Radboud University Medical Center Nijmegen
EDL P16-25 P5: Deep Learning for Human and Animal Health (HAAH)
Automated scoring of nuclear pleomorphism scoring as a spectrum in whole-slide breast images.
In routine clinical practice, pathologists score nuclear pleomorphism as 1 (no change), 2 (moderate) or 3 (marked) as per the breast cancer grading guidelines in an effort to quantify the qualitative analysis of the extent of abnormalities in the appearance of tumor nuclei. Moreover, this classification rule enforces a single numerical pleomorphism score for the entirety of a whole-slide image which may contain multiple tumor regions with varying tumor morphology. As a consequence, pathologist agreement is poor, and nuclear pleomorphism is the most subjective component of the breast cancer grading criteria.

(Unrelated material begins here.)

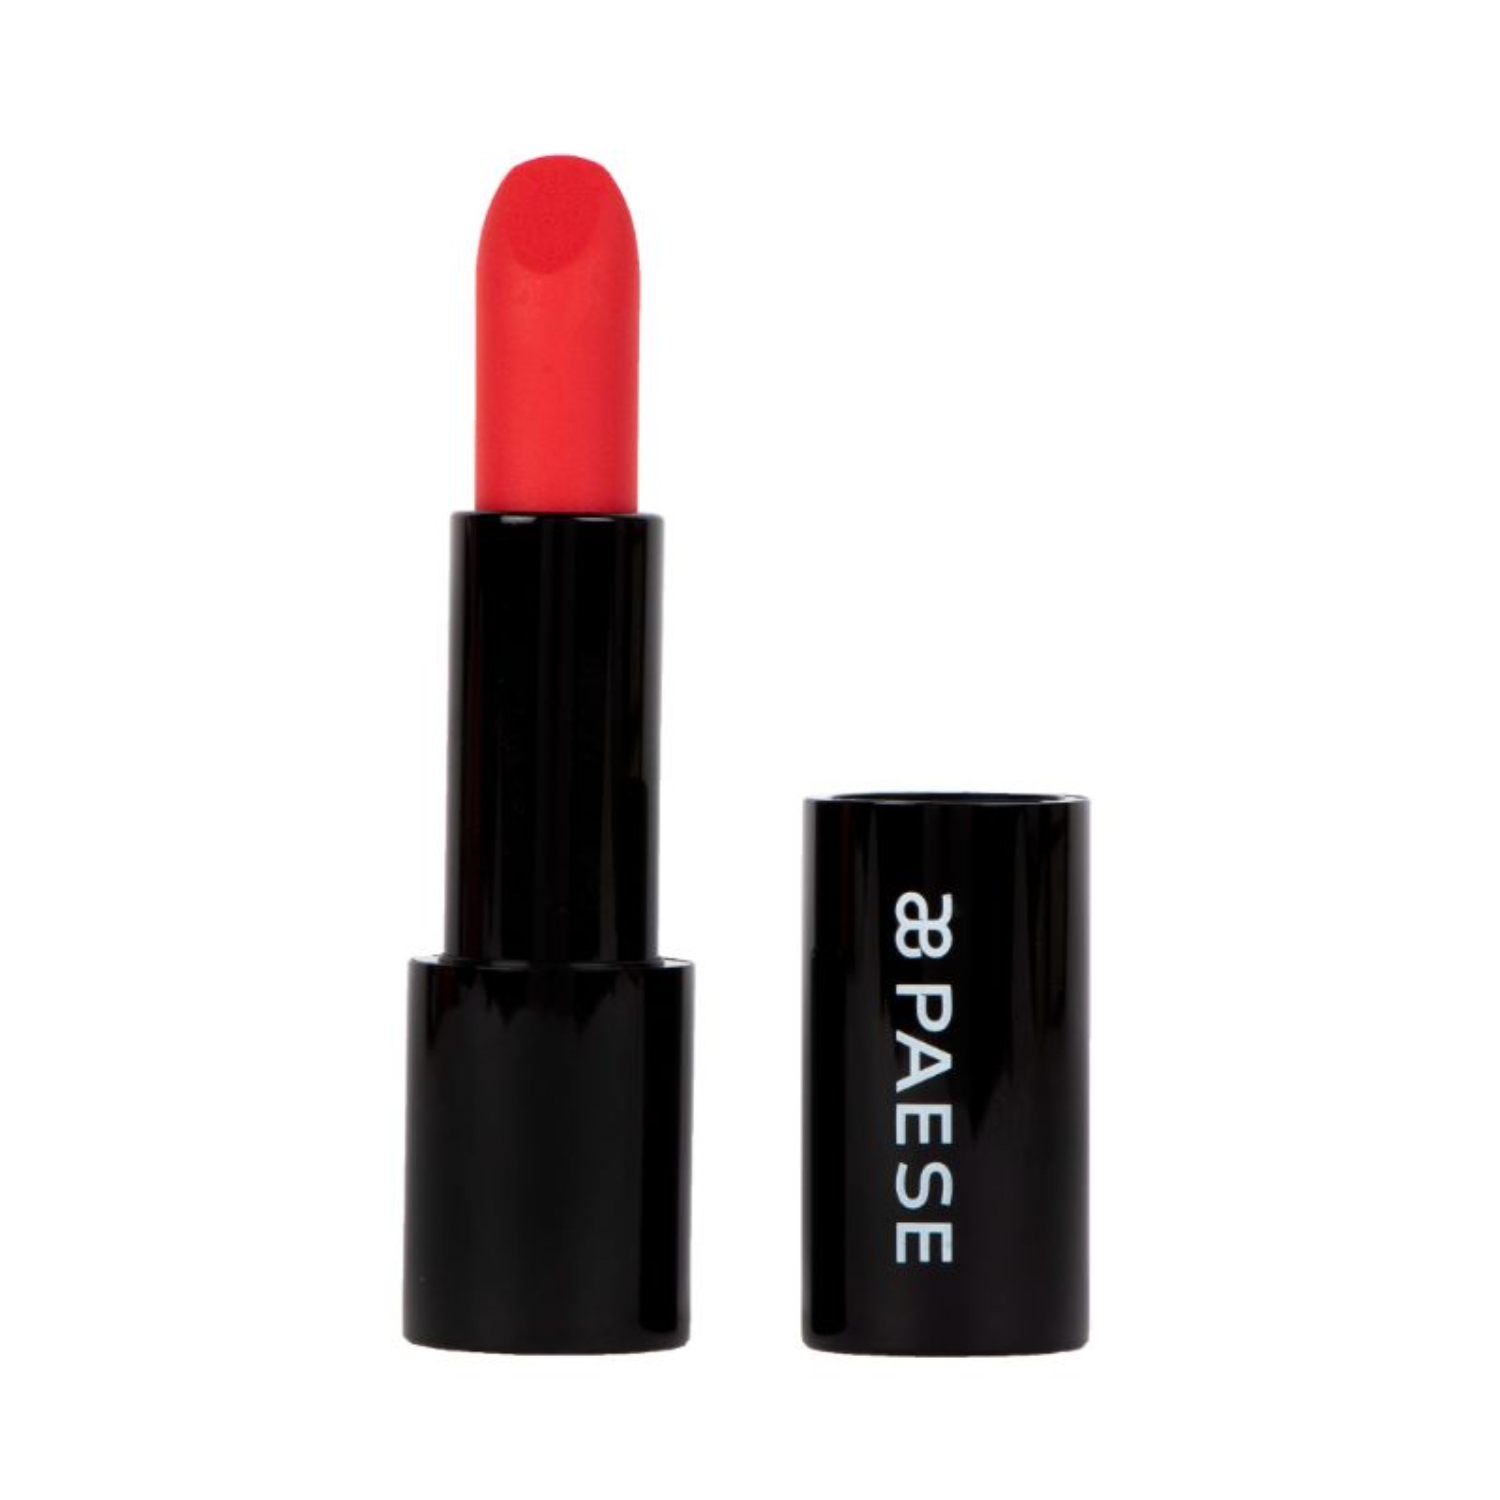 Paese Cosmetics | Paese Cosmetics Mattologie Lipstick - 111 Lava Red (4.3g)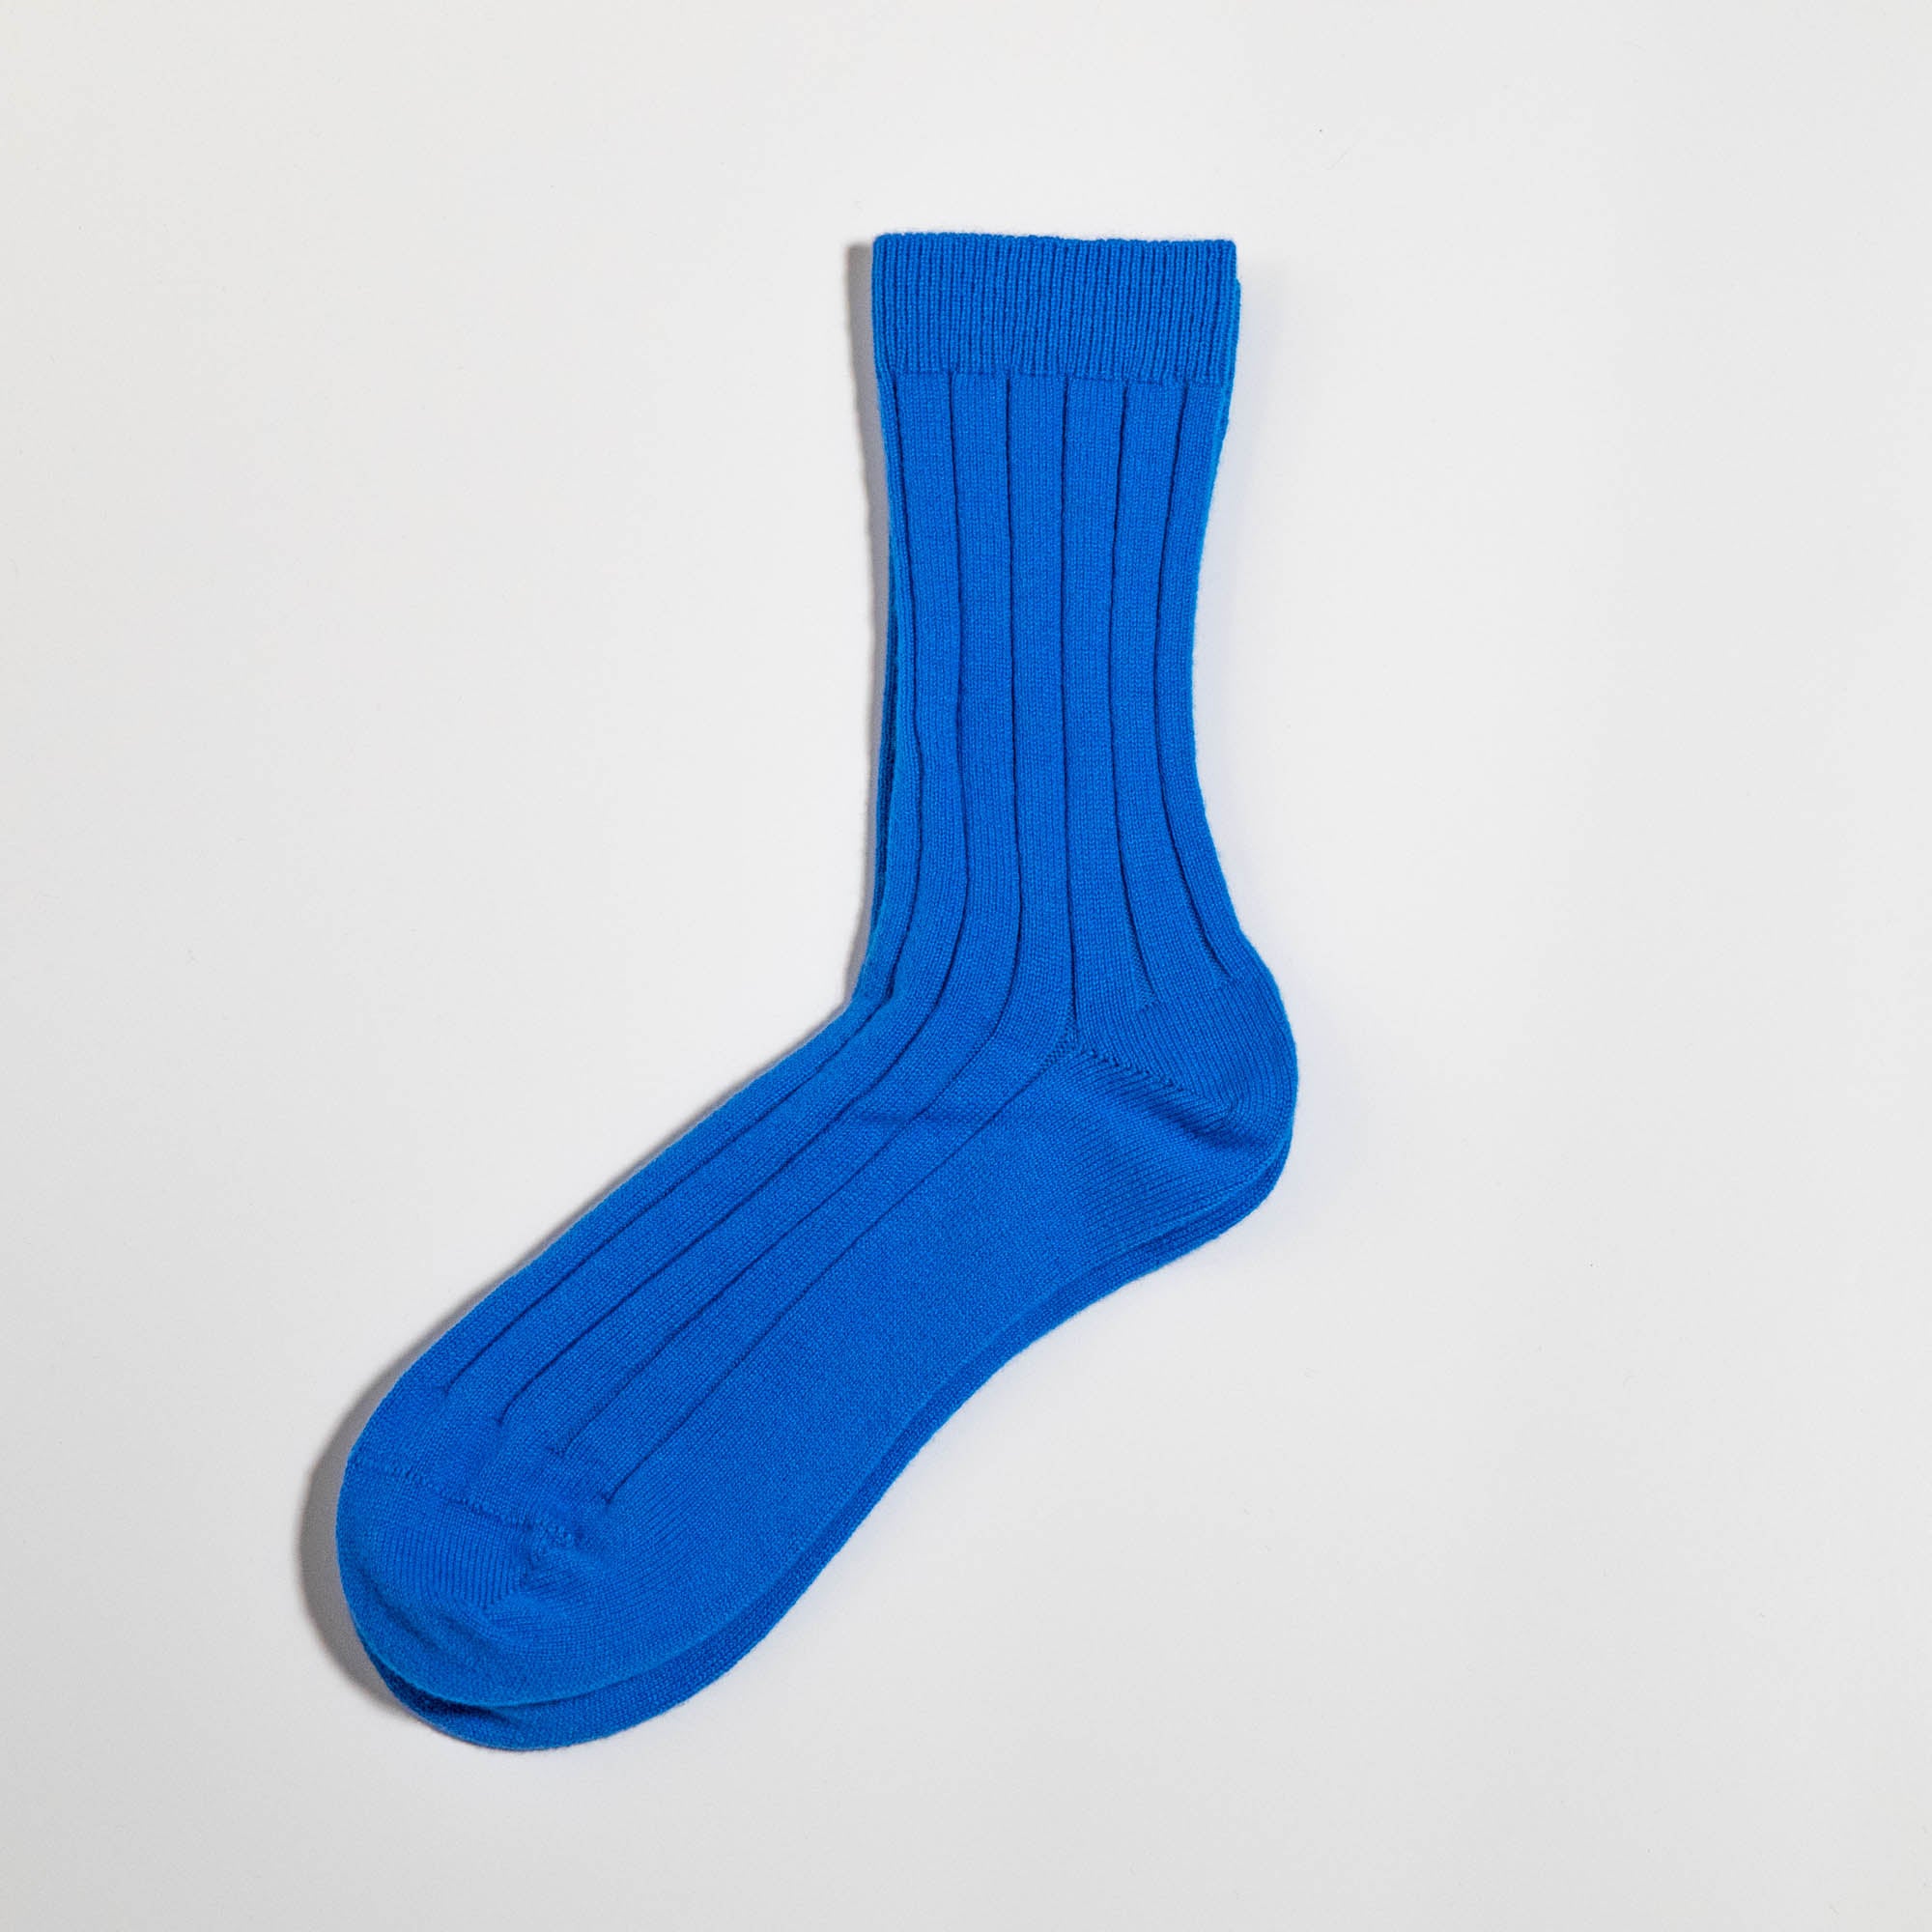 sea blue cashmere mens socks, made in Scotland

In this project, we prove that this inherently continuous nature of nuclear pleomorphism can fully be realized through training deep learning models without time-consuming nuclei-level annotations by pathologists which is one of the key limiting factors in computational pathology. Our approach is capable of scoring a continuous spectrum of nuclear pleomorphism on whole-slide images, enabling an unprecedented way of analyzing the pleomorphism continuum in whole-slide images without observer subjectivity as well as guiding sampling for molecular testing by informing the evolution of tumor biology. Through multiple experiments, we also demonstrate that our deep learning model performs as well as the top-level performing pathologists when the continuous scores are translated into the traditional three-category classification.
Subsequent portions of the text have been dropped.